The goal of this project was to be able to make a device which could record myself saying something, and play it back in a different person's voice.
To create the Talkboy Ultra, I started with:
- Raspberry Pi Zero W
- A USB Audio Card + Lavalier Mic
- A USB Speaker
This allowed me to record and playback audio with the Raspberry Pi and some custom Python code.
I wanted this to be a standalone device, so I needed a few more components. To control the recording and playback, I used some push buttons.
The device had to be portable so I also added:
- A 1000 mAh lithium ion battery
- A TP4056 Charging Module with micro usb input
- A MT3608 DC-DC Step Up Boost Power Converter set to 5v for the Raspberry Pi
This let me run the device without being plugged directly to a usb power source.
I also added a 1602 LCD Display so I could show which output voice was currently selected.
Finally, I added an on/off switch to be able to turn the thing off. I soldered the components together and amazingly they worked the first time!
I had to write software on the device to be able to record my voice, save it to a file, and then playback the changed voice. I looked into ways of changing the voice on the device, but the Raspberry Pi (and probably any device that would fit into the case) would be too slow and low on memory to run the inference.

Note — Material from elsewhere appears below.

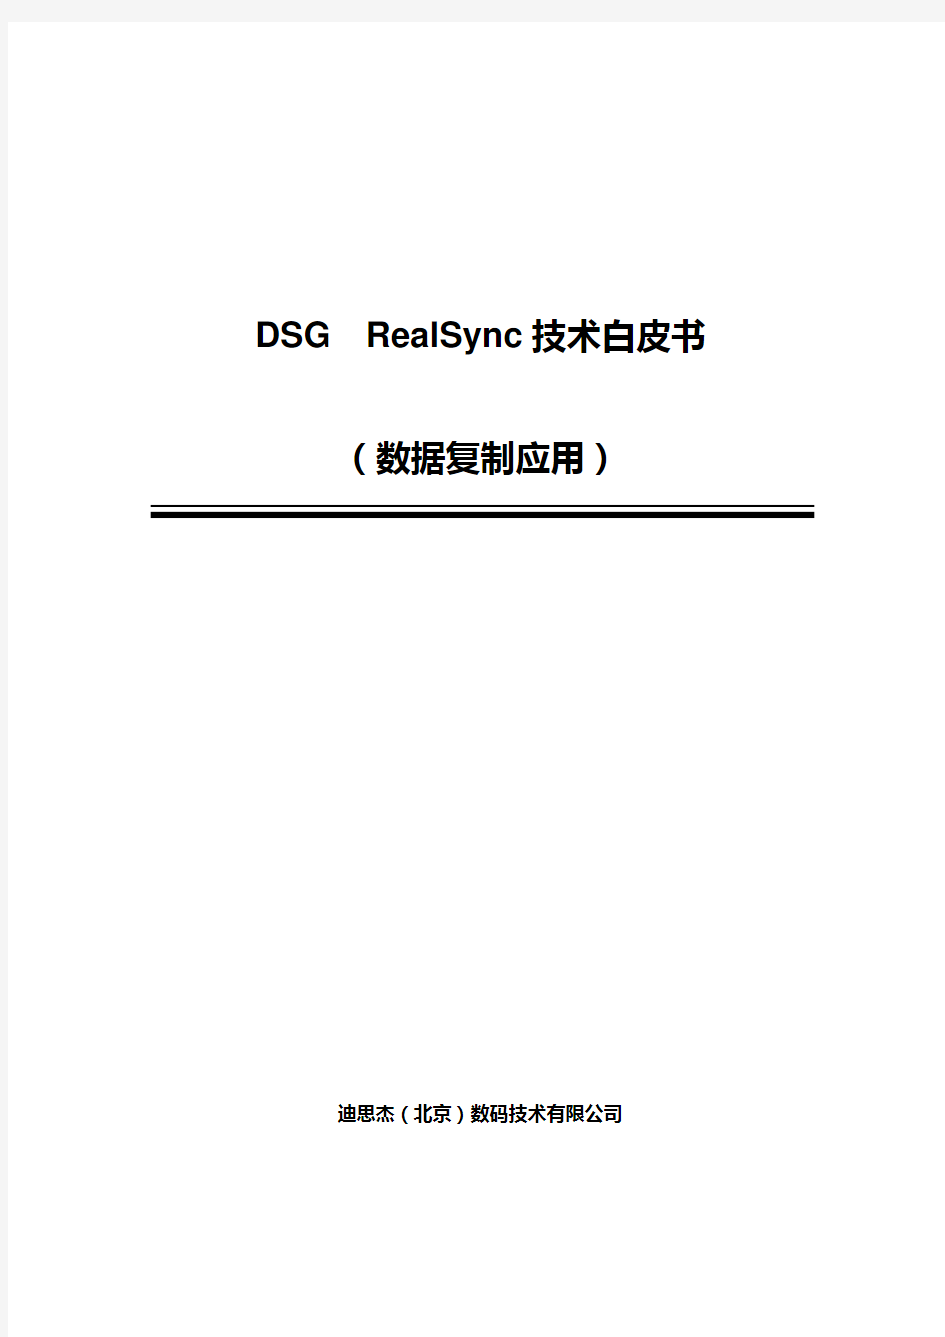 DSG RealSync技术白皮书-v3

I ended up going with a client-server model where I recorded the audio on the device, then sent it to a local server (my MacBook) running the inference. I wrote a small web server on the MacBook in Flask, and had it run the voice changing software (so-vits-svc-fork), then return a response with the updated audio file. Then the Talkboy would be able to play the file back through the USB speakers.
I set up the green button to play back audio on a single click, and change voices with a double click. Holding down the red button will record, and releasing it will stop recording and send the recorded audio to the webserver. The LCD will change to “processing” state and change back when the voice is ready to play back.
I also 3D printed a case for the Talkboy, using Tinkercad and a couple of iterations of designing and supergluing. I think it turned out pretty good, using the original Talkboy as inspiration.
Just as an aside, from the above models, I trained the Arnold Schwartzenegger and Patrick Stewart voices (both from audio that I found from audio book clips). The Simpsons ones that I used in the video were downloaded. I didn’t train for a super large number of steps so that might explain why the Simpsons ones sound very close to the real deal, whereas the other ones are just okay.
I had a lot of fun with this project. It really ended up combining a bunch of my interests, including hardware hacking, software (both on an embedded device and server), and utilizing some state of the art AI models too! I also got to 3D print a case that’s much more complicated than anything else I’ve made myself.
It was fun coming up with this challenge and then solving all of the problems that came with it, including fitting everything in the case, and lining up all of the components like the screen and buttons.
While I think it would be really interesting to see this device hit the mainstream market, I don’t think it will happen any time soon. For one thing, the licensing of real voices would probably be an issue. Plus the hardware to run the inference on a device doesn’t exist as far as I know. I think you might be able to do it on an iPhone if you shrank the model, but that wouldn’t be nearly as fun as using a dedicated device.
I’m hoping that I’m wrong though, and that a 30th anniversary Talkboy makes its way to the toy stores, complete with the latest in AI tech!